Cassoulet and red Bordeaux
One of the questions I regularly get asked is what to drink with a special bottle. The general expectation is that I’ll suggest a meal of Michelin-starred quality but as this match of the week shows a rustic dish will do very nicely.
The wine was a 2009 Cuvée Barthélemy from a biodynamic Bordeaux producer Château le Puy whose wines I’ve written about before. Although they could legitimately be classified as ‘natural’ they don’t taste at all funky but smooth, polished and, in the case of this particular bottle, still surprisingly vibrant for a 12 year old wine.
I pulled one out to drink with a slow braised lamb dish from the Towpath café cookbook I made on Saturday night which includes 3 heads (heads not cloves) of garlic but is cooked for so long it doesn’t taste overly garlicky.
Even better I drink the remainder of the bottle with an improvised cassoulet I made with some of the leftover lamb, some Judion beans, half the remaining confit garlic, a duck leg I serendipitously found in the freezer and some mini chorizos which would no doubt outrage any self respecting Toulousian.
Anyway the Barthélemy was gorgeous with it, retaining all its richness and suppleness and handling the (admittedly) mild heat of the chorizo really well. A real treat but sadly not a cheap one. The cost of the more recent vintages at Buon Vino which stocks most of their range is £125-145 a bottle but their more affordable cuvées should work too.
For other cassoulet pairings see Six of the best wine pairings with Cassoulet. You'll find the cassoulet recipe I normally make rather than this cheat's version here.

Challans Duck and Château le Puy
It’s easy to be so cocky about a wine pairing that you cease to leave your mind open to other possibilities. So duck has always led me to burgundy (or other pinot noir) rather than Bordeaux. But last week’s spectacular meal with Château Le Puy at Hélène Darroze at the Connaught convinced me that mature Bordeaux can be just as delicious an option.
It wasn’t just any old duck mind you but a Challans duck, much prized in France for its tenderness and depth of flavour. It was served with endive and, I subsequently discovered from the menu, rhubarb though that wasn’t really detectable in the dish.

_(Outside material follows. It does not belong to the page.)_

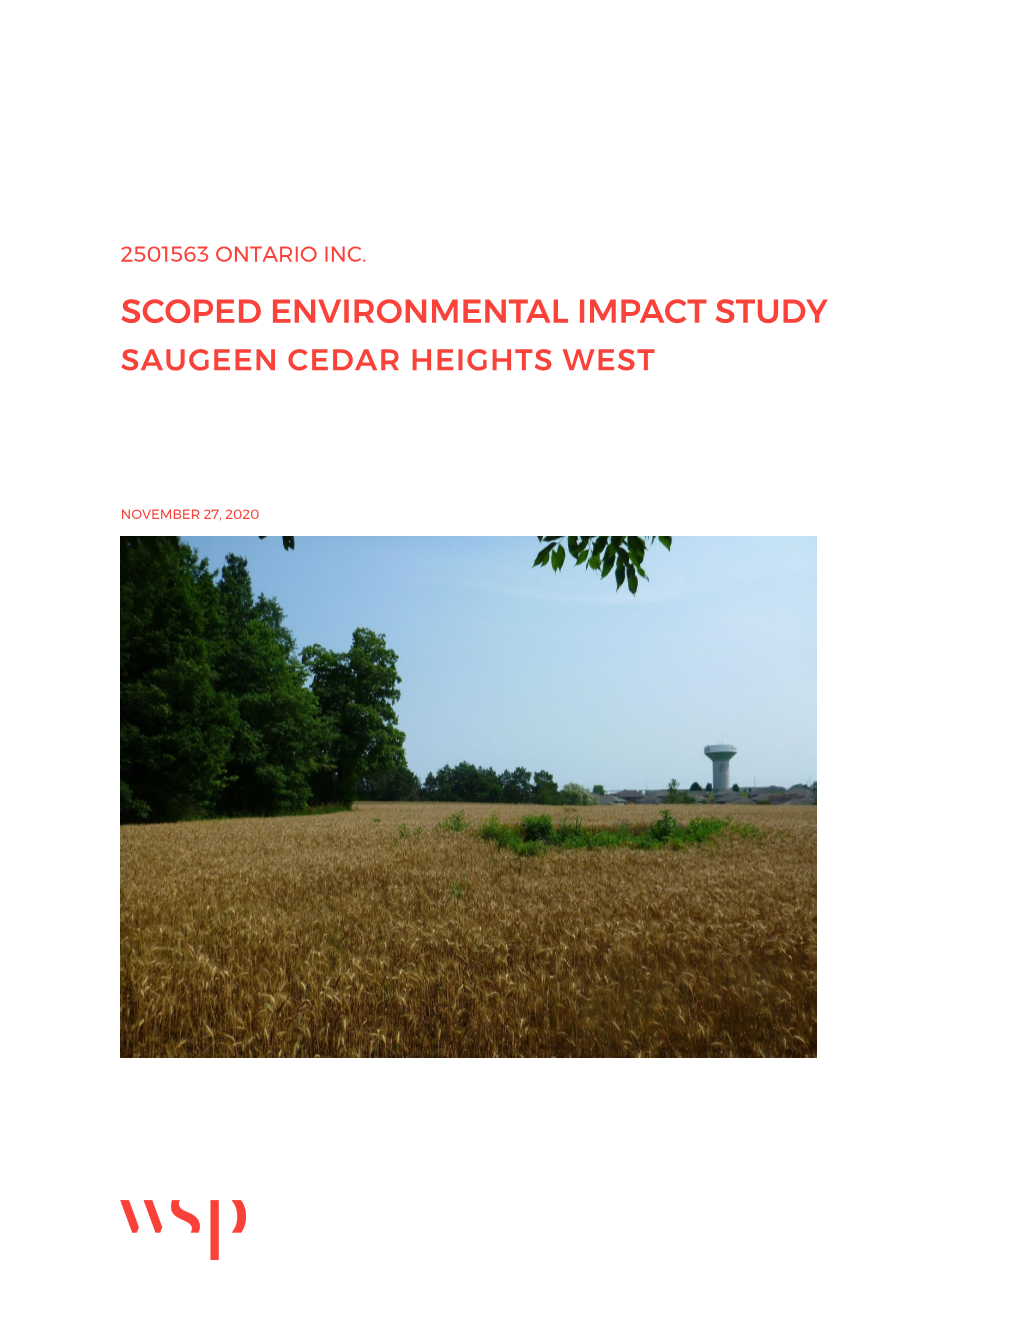 Environmental Impact Study Saugeen Cedar Heights West

And the deep, sensuously velvety wine, the 2009 vintage of the Chateaux single vineyard Barthélemy for which they are trying to get a separate appellation, would have shone with practically anything to be honest. The vineyard is farmed biodynamically and the wine made with without sulphites, fining or filtration. (I’d love to give it blind to anyone who dismisses all natural wine as faulty or ‘cidery')
There were some other fascinating wines and pairings during the meal too - their extraordinarily deep-coloured rosé 'Rose Marie' with a dish of lobster with morels and vin jaune, a chocolate and coffee dessert with a wine, Detour des Isles, which is treated like a madeira and travels round the world before being bottled and the discovery that the 2015 vintage of their white Bordeaux Marie Cecile which is 100% semillon was the perfect match for our cheeseboard.
The experience had a particular poignancy for me in that my late husband introduced me to Le Puy and we shared the fabled 2003 at one of our favourite restaurants La cour de Rémi which was always our final stop in France at the end of the summer holidays. He would have loved this extraordinary dinner.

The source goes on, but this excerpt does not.